*Brief*.
Only the lines from the line containing "TF-ARP, 1985 Boeing" to the end of the material belong in the copy; set them down exactly, without pictures.

*Data excerpt*.
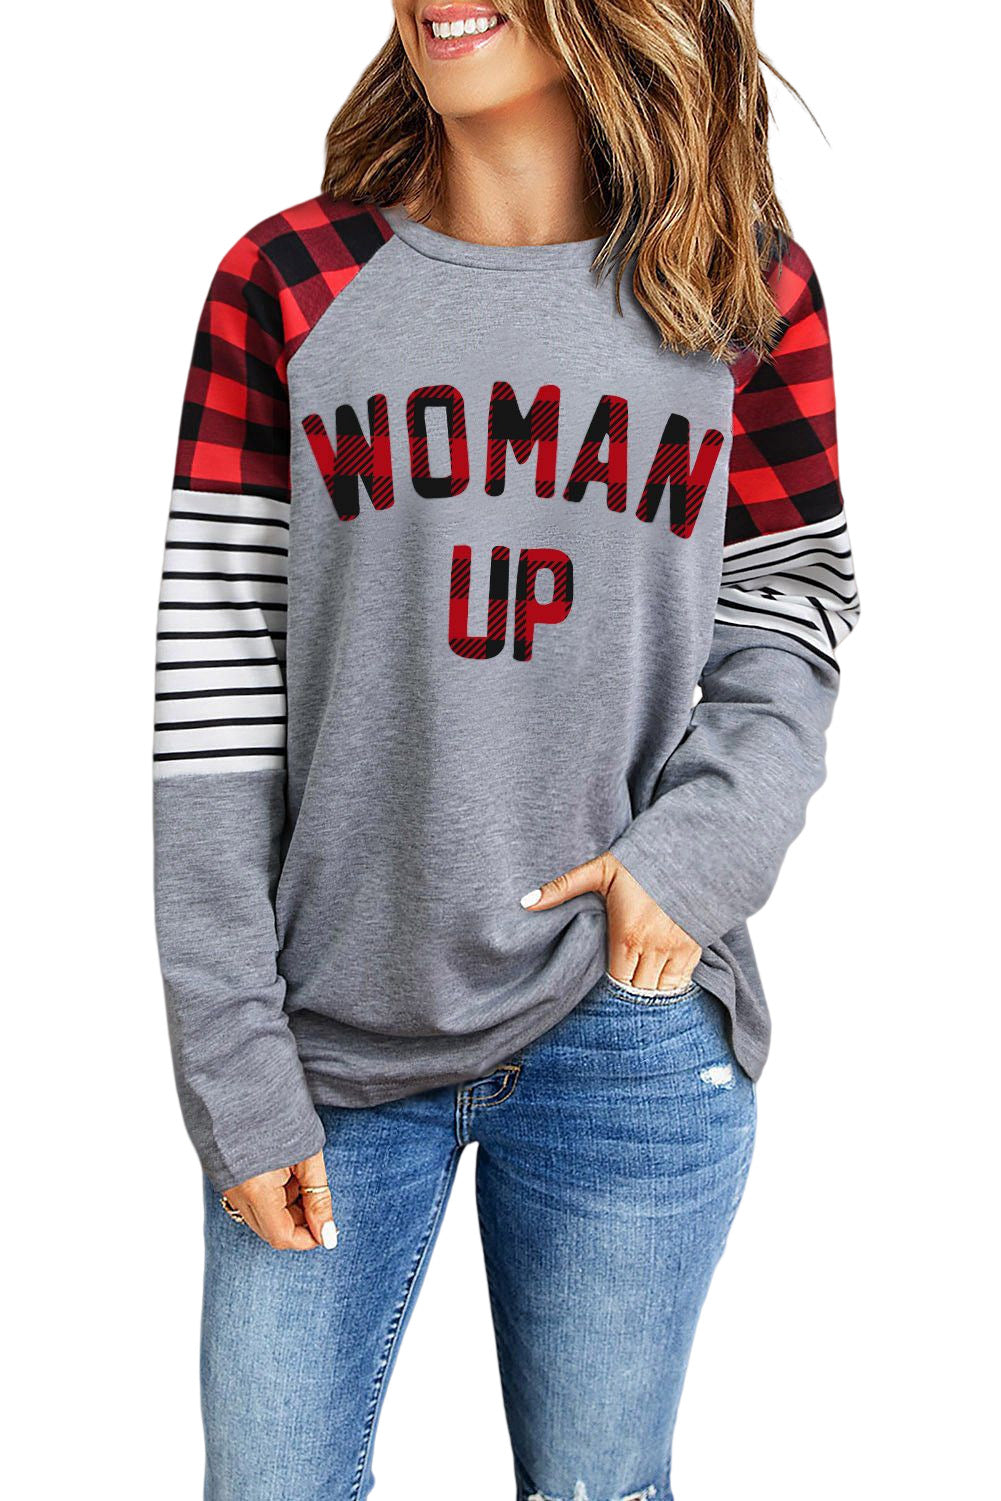 WOMAN UP Plaid Striped Raglan Sleeve Top - Kawaii Stop - Kawaii Shop
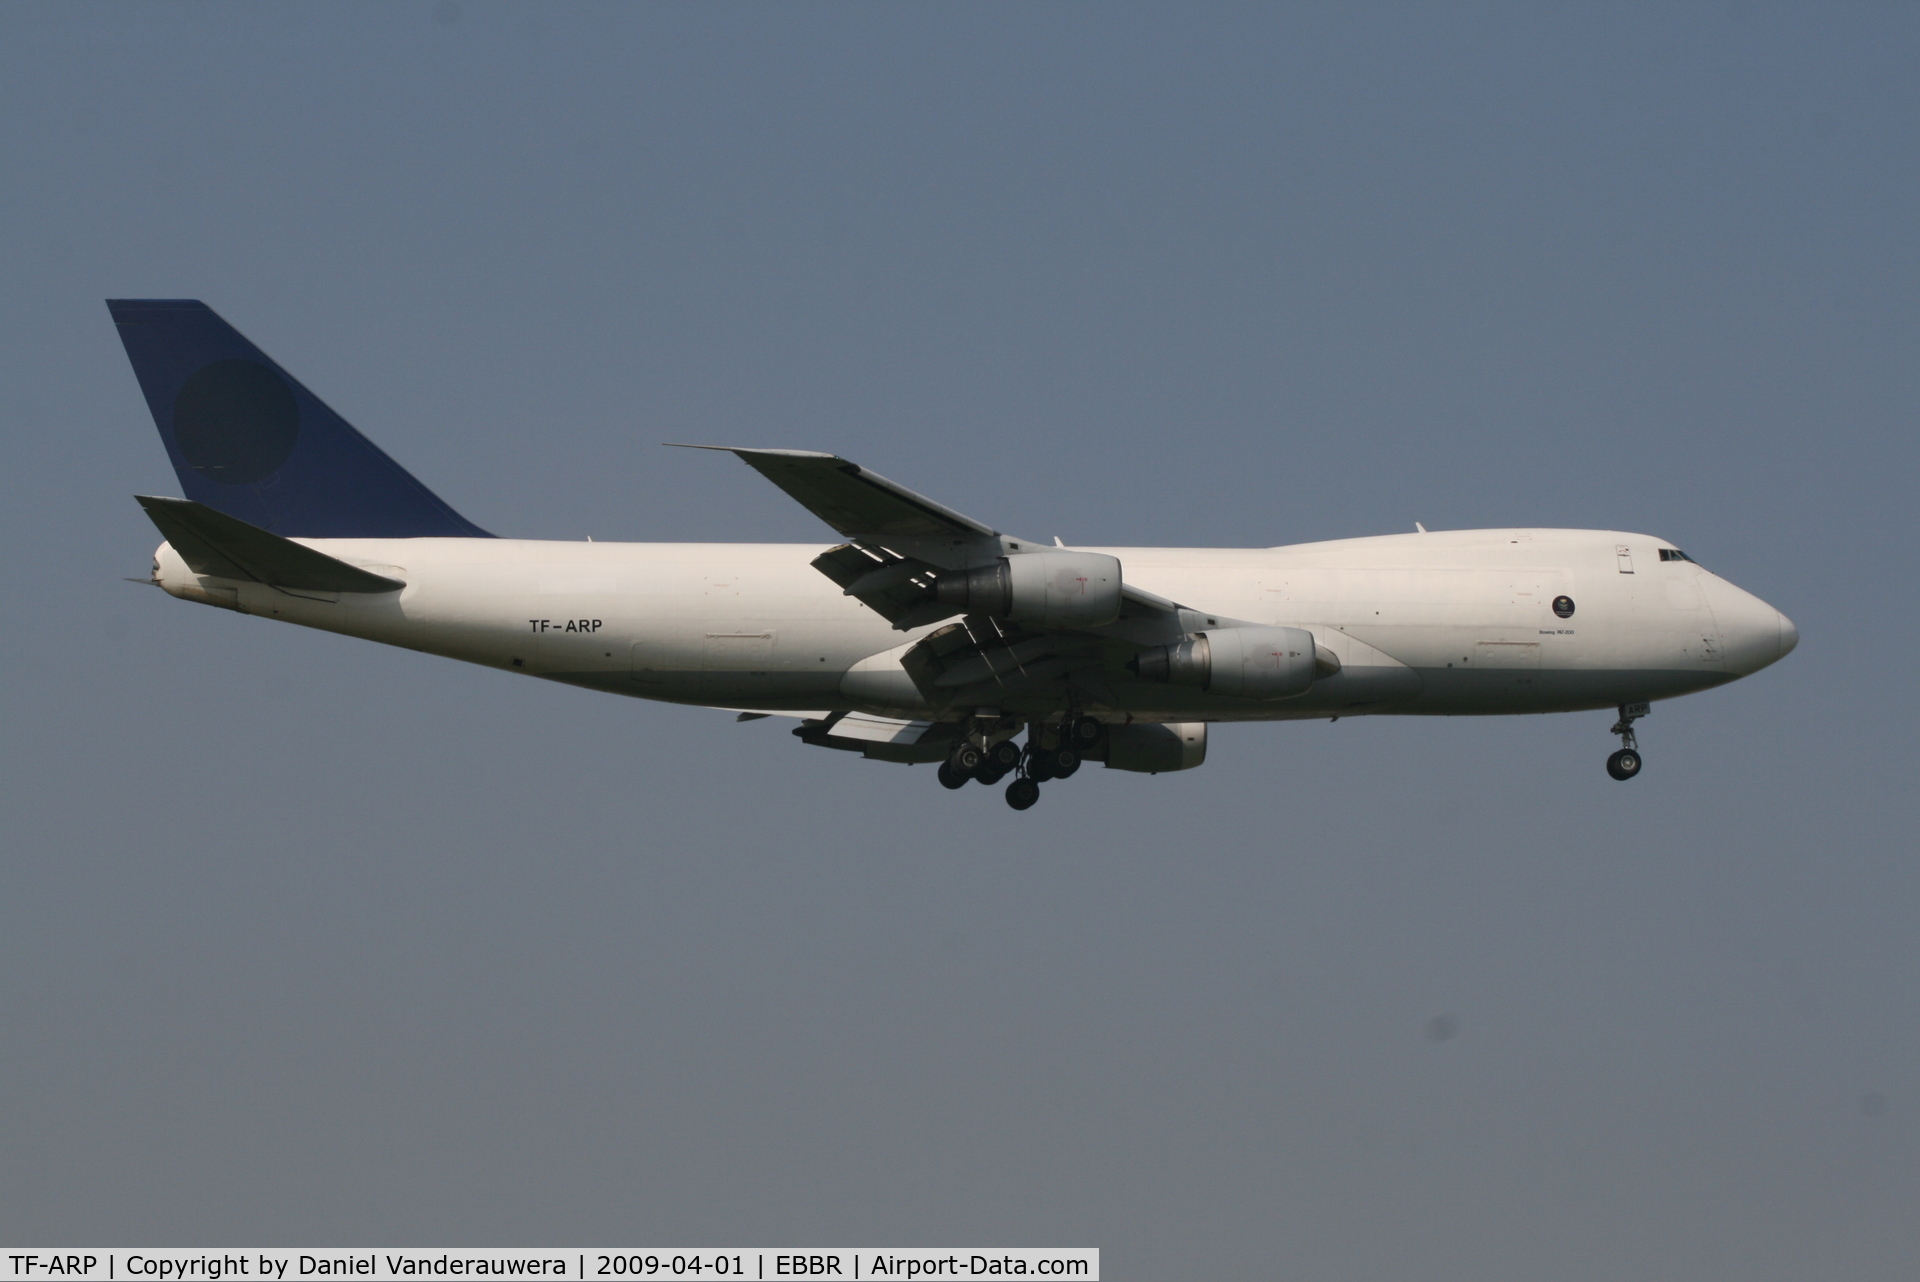 TF-ARP, 1985 Boeing 747-230F C/N 23348, Arriving to RWY 02
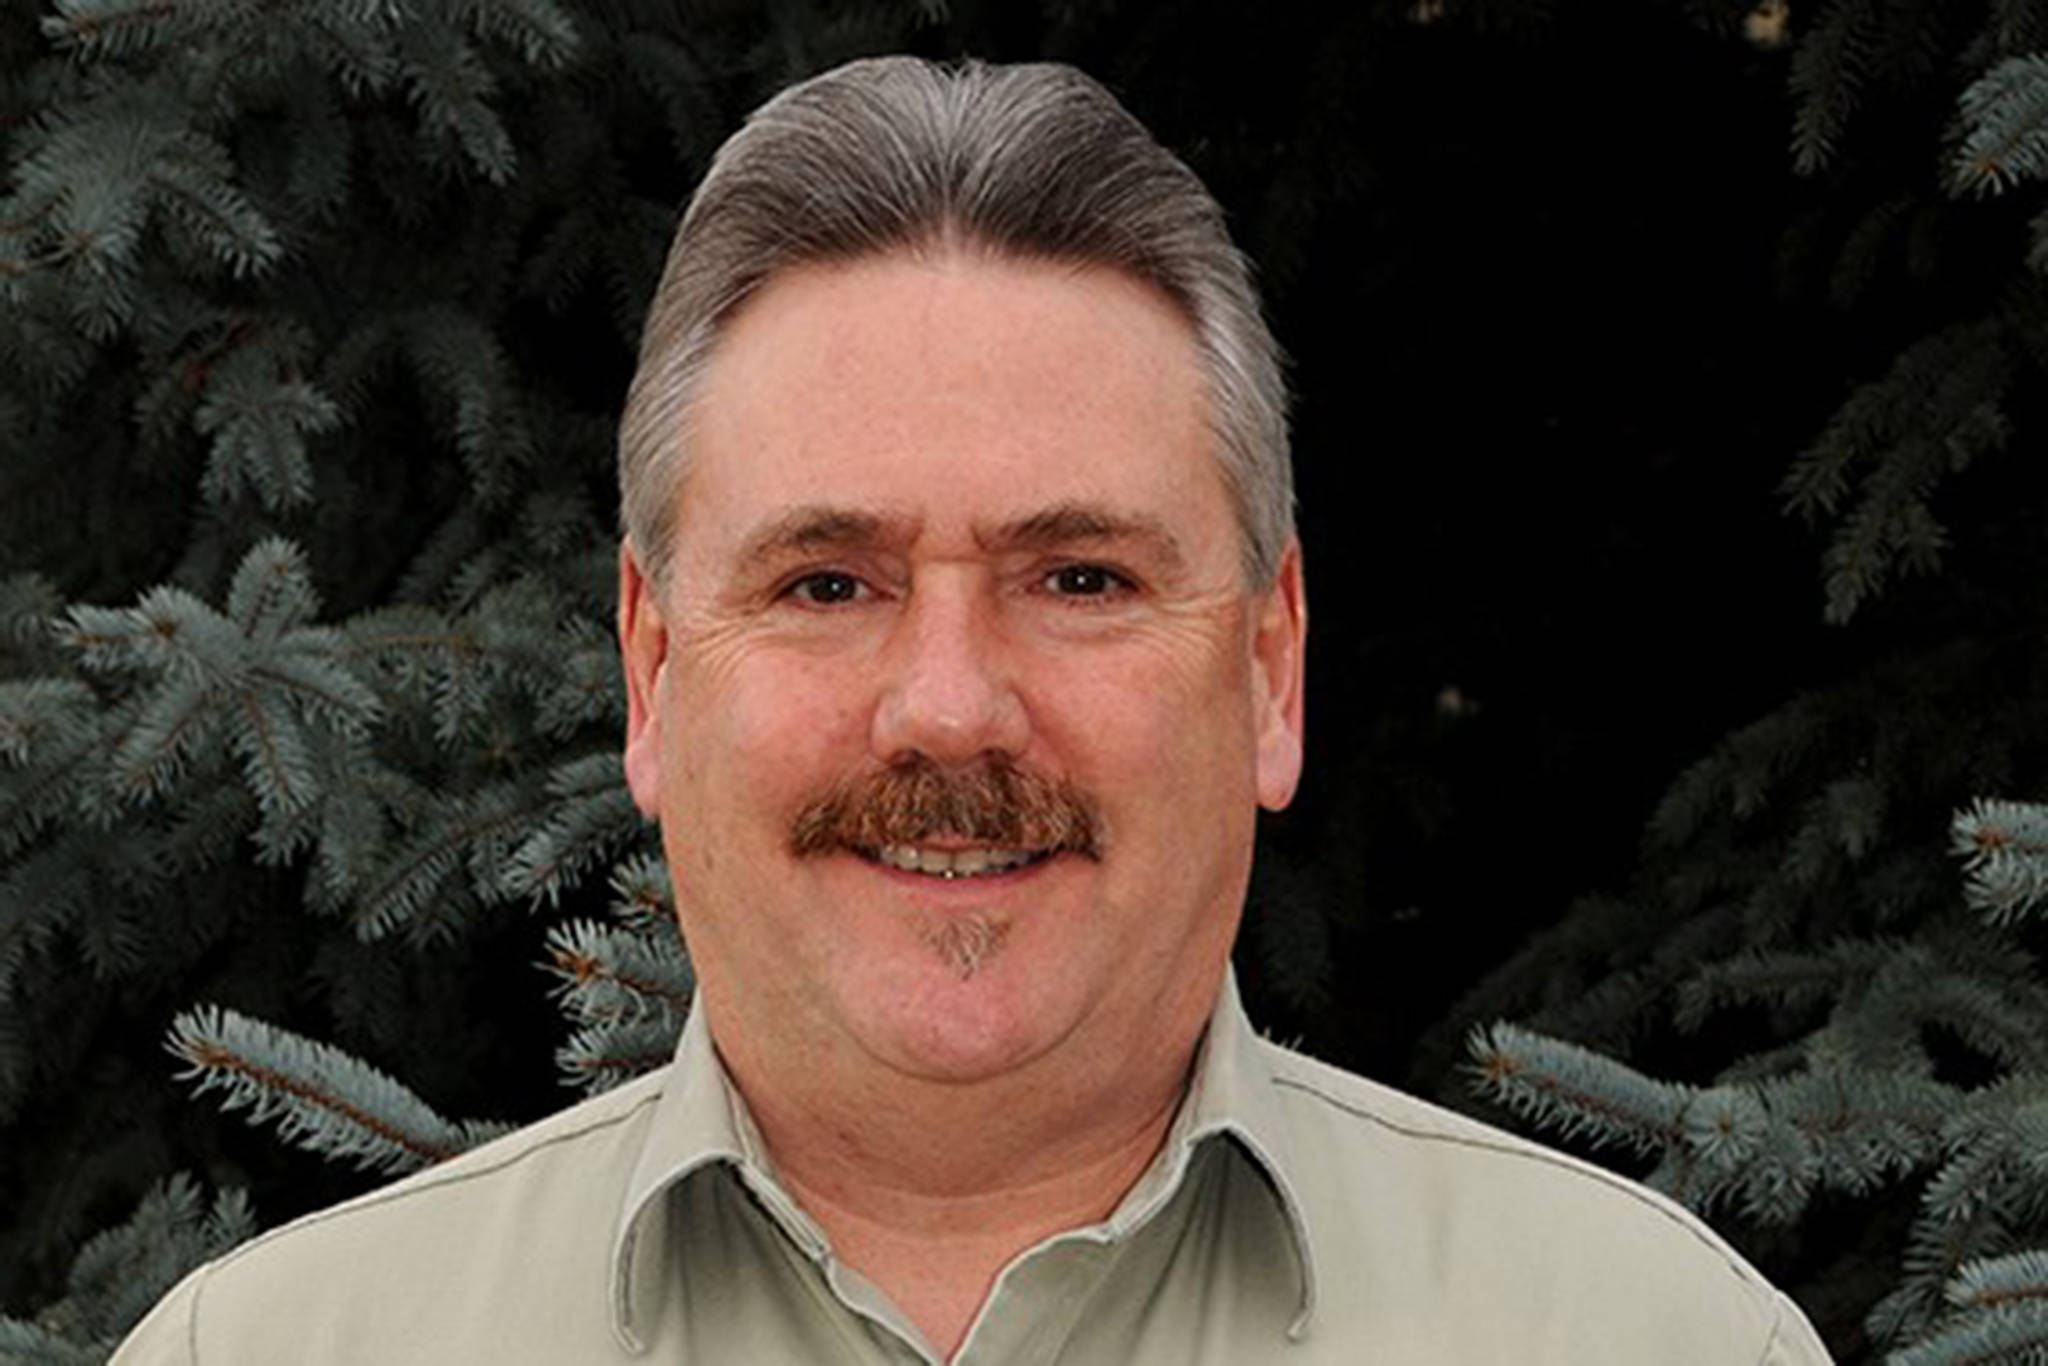 U.S. Forest Service Chief Vicki Christiansen announces David Schmid as the new Regional Forester for Alaska Region

*Answer to this exercise*.
 TF-ARP, 1985 Boeing 747-230F C/N 23348, Arriving to RWY 02
 U.S. Forest Service Chief Vicki Christiansen announces David Schmid as the new Regional Forester for Alaska Region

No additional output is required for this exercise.